While it isn’t impossible to lose weight if you are diabetic, many people with the disease find it to be very difficult. Here are just a few examples of how diabetes make weight loss more difficult:
- You Have Hypothyroidism
Hypothyroidism is actually fairly common in people with Type 1 diabetes. Simply put, when your body doesn’t produce enough thyroid hormones hypothyroidism occurs. Common symptoms include fatigue and generally feeling sluggish as well as weight gain. Those with hypothyroidism often have a more difficult time losing weight, which is especially exacerbated if they have diabetes. A change in diet will help but medication may be needed. This is definitely a medical condition that you have to speak with your doctor about for guidance. (more info)
- You are Stressed
Stress is surprisingly damaging to both mind and body. Too much stress can cause weight gain via the hormone cortisol and make it difficult to lose the weight. Cortisol is released in your body during periods of stress as a means of survival. It can make you feel hungry and even reclusive or sedentary.
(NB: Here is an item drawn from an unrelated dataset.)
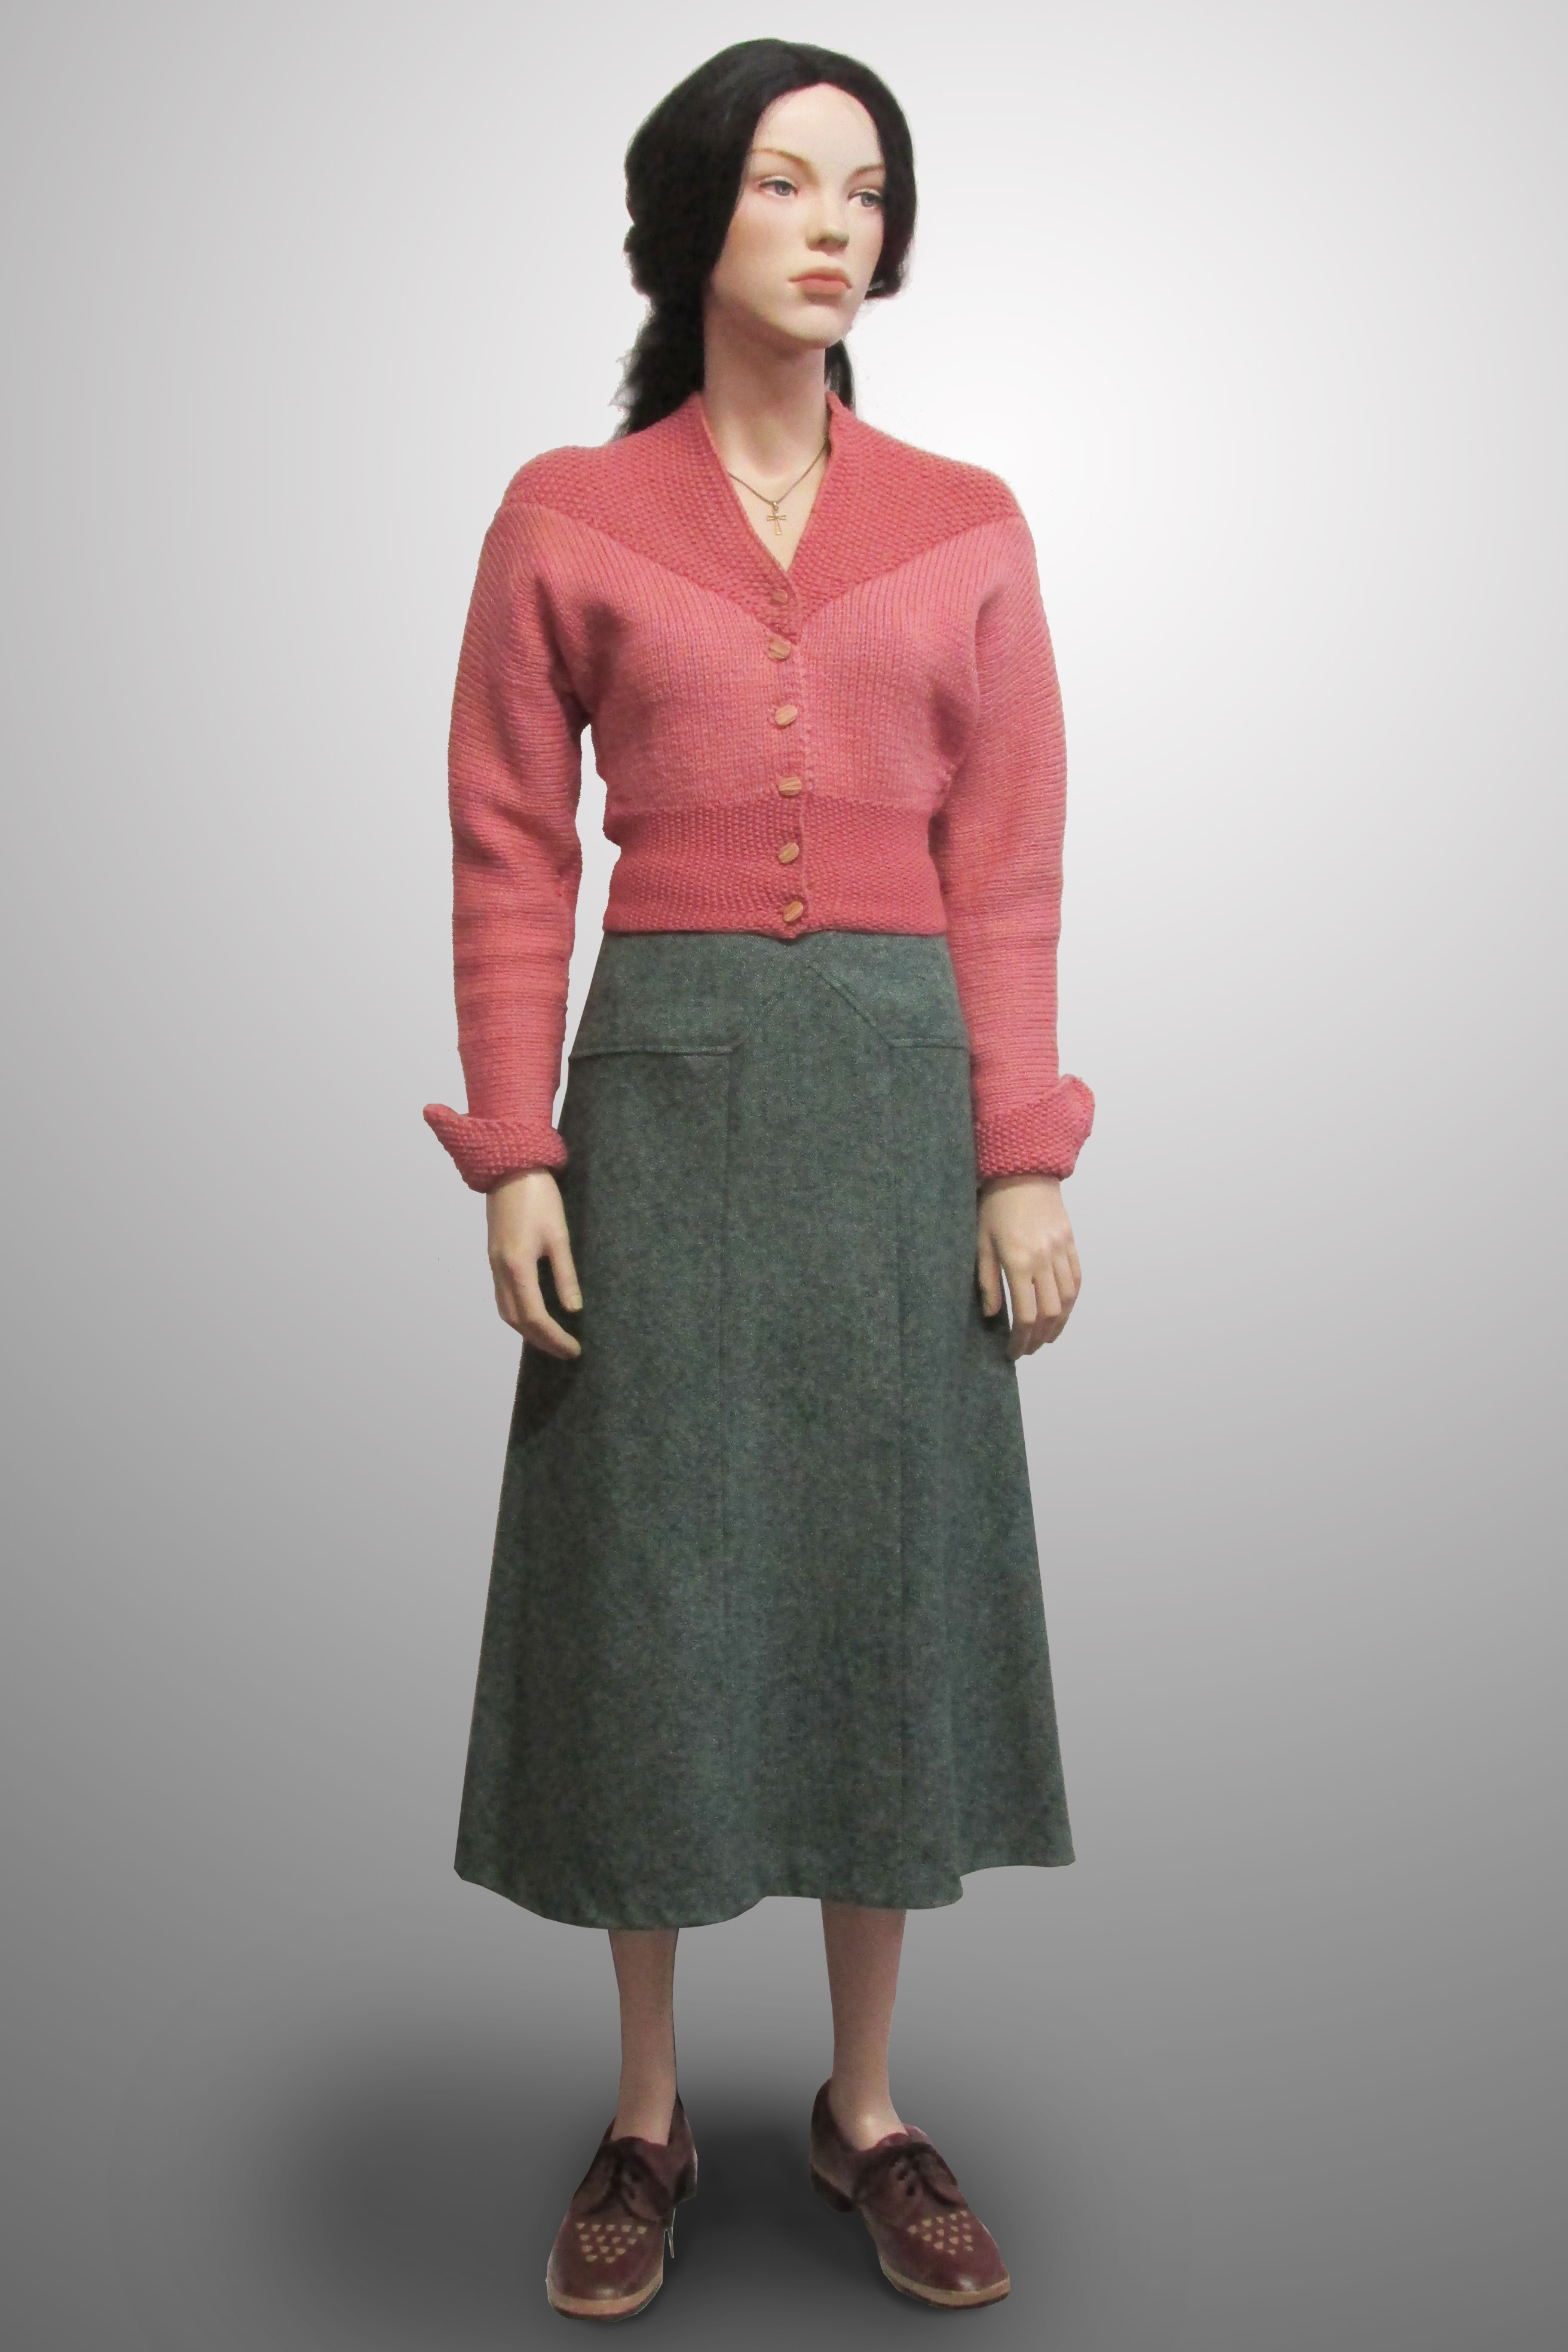 Pink Cardigan with Green Skirt 1940s/50s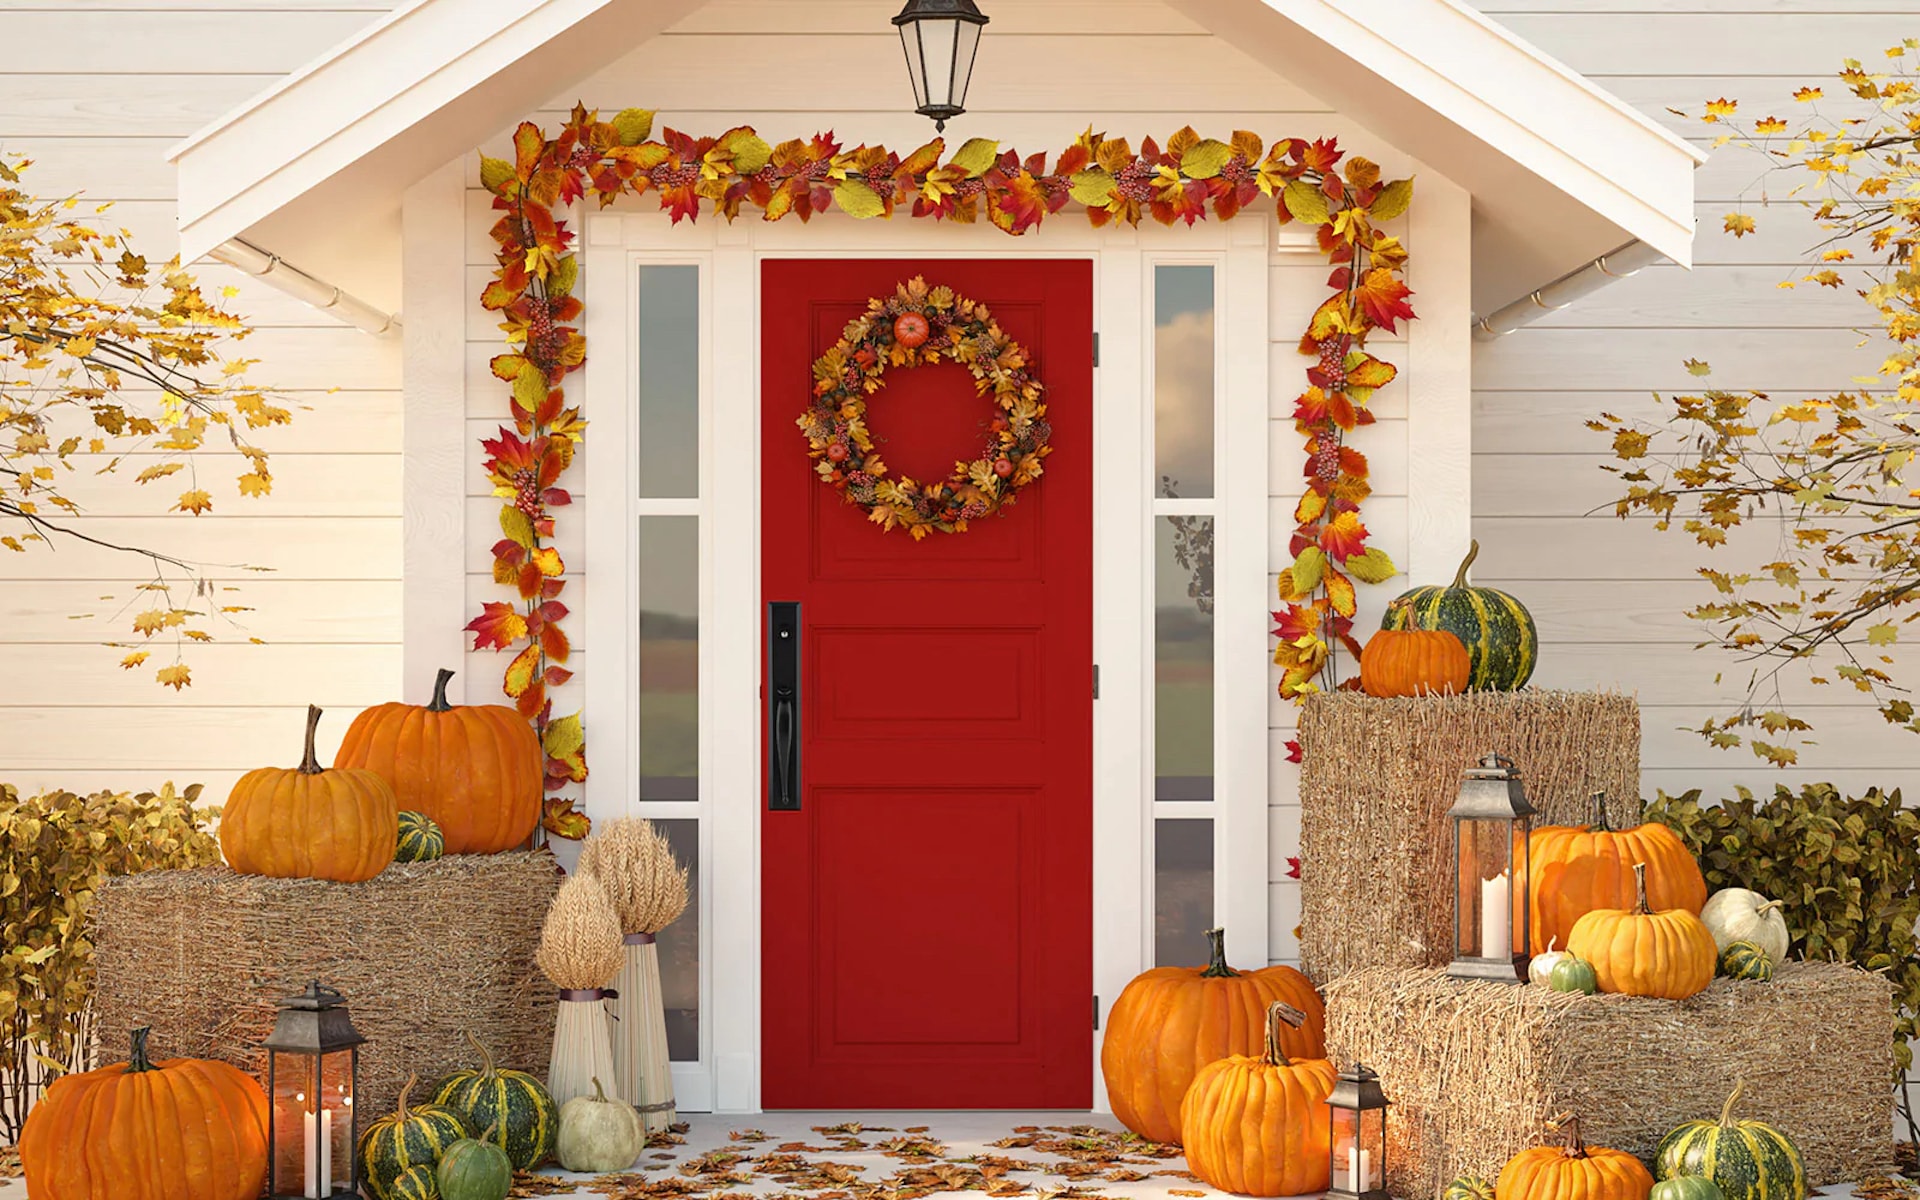 12 Stunning Fall Wreaths That Will Elevate Your Porch And Impress Your Neighbors

It is a given that someone with diabetes could easily become stressed. However, many people are dealing with high stress situations in their day to day life these days, from work to family issues. It is extremely important to do things that will relieve stress, like exercising, getting enough sleep and practicing prayer/meditation. You may even want to see a counselor/therapis if you feel like you can’t get your stress under control.
- You are on Weight Medications that Cause Weight Fluctuations
A side effect of some diabetes-related medications include weight gain. If you suspect this is your problem, research your medications or talk to your doctor. One of the most common ways weight gain is caused by medication occurs when someone injects too much insulin. Medication can also lead people to overeat when they have low blood sugar due to the meds. Always take the correct dosage of medication and keep a journal of how much you eat when you begin taking medication.
- You are Frequently Hypoglycemic
One of the most common causes of weight loss difficulty associated with diabetes involves hypoglycemia. Hypoglycemia, which is low blood glucose, is a common side effect of diabetes. What happens in this situation is that your blood sugar drops. Typically, you might eat something sweet to bring it up. However, instead of eating a small amount of food and then checking your blood sugar level again, you may instead overeat which can lead to weight gain over time. Prevent hypoglycemia-induced weight gain by monitoring your blood sugar, eating balanced meals and taking your medication properly.
- You aren’t Sleeping Well
Sleep is vitally important for overall health yet it’s often ignored. Rarely do people get 8 full hours of restful sleep in a quiet room with no lights. People with diabetes may find it difficult to get enough sleep, especially if they are overweight or obese. This is even worsened if they have a sleeping disorder, like sleep apnea. Ensure that your bedroom is a quiet, relaxing place and try to get at least 6-8 hours of sleep every night. Naps during the day may help you if you didn’t get enough sleep the night before.
If you are struggling to lose weight and have been diagnosed with diabetes or pre-diabetes, visit your doctor to learn more about your options. Speaking with a nutritionist or dietician can also be helpful. Seeking help is especially important if you suddenly gain a lot of weight or are working hard at losing weight for a month or two with no success. While diabetes can make weight loss tricky, it is completely doable and necessary for your health. Many people lose weight while dealing with serious health issues like diabetes, and you can too.